Die Generation der Vielfalt ist eine Geistesgeschichte des großen theoretischen Problems der Immunologie und seiner Lösung in der Zeit nach dem Zweiten Weltkrieg. Es wird Immunologen einen wesentlichen Hintergrund zum Verständnis der konzeptionellen Konflikte liefern, die heute auf diesem Gebiet auftreten.
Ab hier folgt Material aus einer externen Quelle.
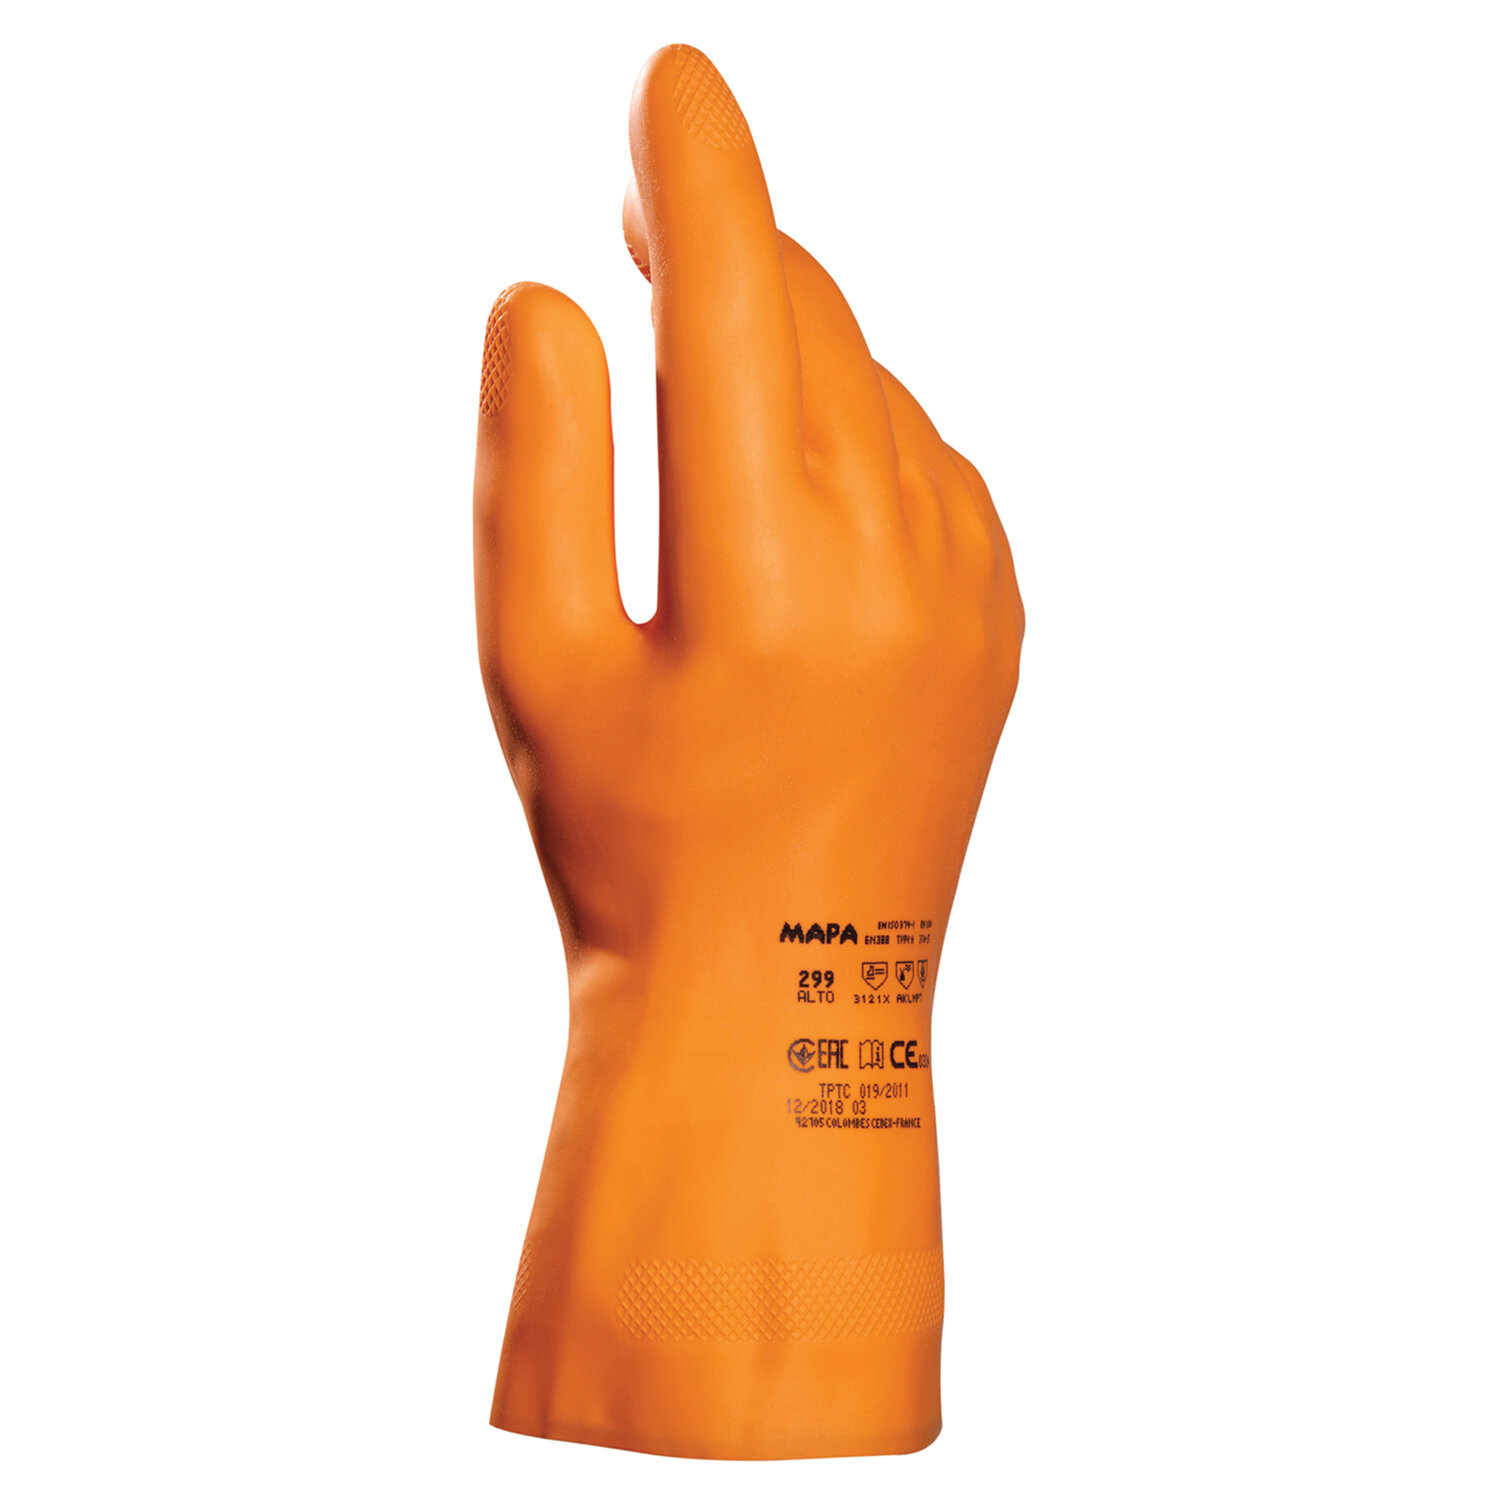 Перчатки хозяйственно-бытовые латексные, с х/б напылением, от химических воздействий, XL/10, оранжевый, MAPA (Alto 299)

Die Erzeugung von Antikörperdiversität in der Schildkröte

Die Ab-Reaktion bei Reptilien wurde auf Proteinebene untersucht, und bei Schildkröten ähneln einige Aspekte denen kaltblütiger Wirbeltiere anderer Klassen. Die genetischen Grundlagen für diese Merkmale sind nicht klar. Die vorliegende Studie ist die erste über die IgH-Organisation und -Komplexität eines Reptilien-Ig-Gensystems. Der Ansatz zum Klonen von Schildkröten-(Pseudemys scripta)-Sequenzen basiert vollständig auf PCR, und seine Wirksamkeit wird durch das Erhalten umfassender Informationen über ein bisher unerforschtes Ig-Gensystem demonstriert. Eine Reihe von genomischen VH-Sequenzen, die möglicherweise vier Familien repräsentieren, wurden isoliert, ebenso wie ein genomischer C mu 4 -Klon. Diese als Sonden verwendeten Sequenzen lieferten den Beweis, dass es in der Schildkröte einen einzelnen IgH-Locus mit mehreren VH-Genen und einem C-mu-Gen gibt. Bei Northern-Hybridisierungen wies die C mu 4 -Sonde zwei Transkripte der vier VH-Gruppen nach, nur eine wurde exprimiert und mehrere Banden zeigten die Anwesenheit von mindestens zwei Nicht-mu-Transkripten an. Unter Verwendung von reverser Transkriptions-PCR an Milz- oder Leber-RNA wurde eine IgM-Schwerkettensequenz erhalten, ebenso wie eine Reihe von VDJ-Umlagerungen. Unter 32 einzigartigen VDJ-Rearrangements von einem Tier gab es 22 Sequenzvarianten an Gerüst 4, was entweder auf eine sehr große Anzahl von J-Segmenten oder eine somatische Modifikation in der variablen Region hindeutet. Die letztere Interpretation wird durch Punktmutationen unterstützt, die in Rahmen 3 und CDR3 gefunden wurden. Die Anzahl der Änderungen ist deutlich höher als die abgeleitete Taq-Fehleinbaurate (0,05 %).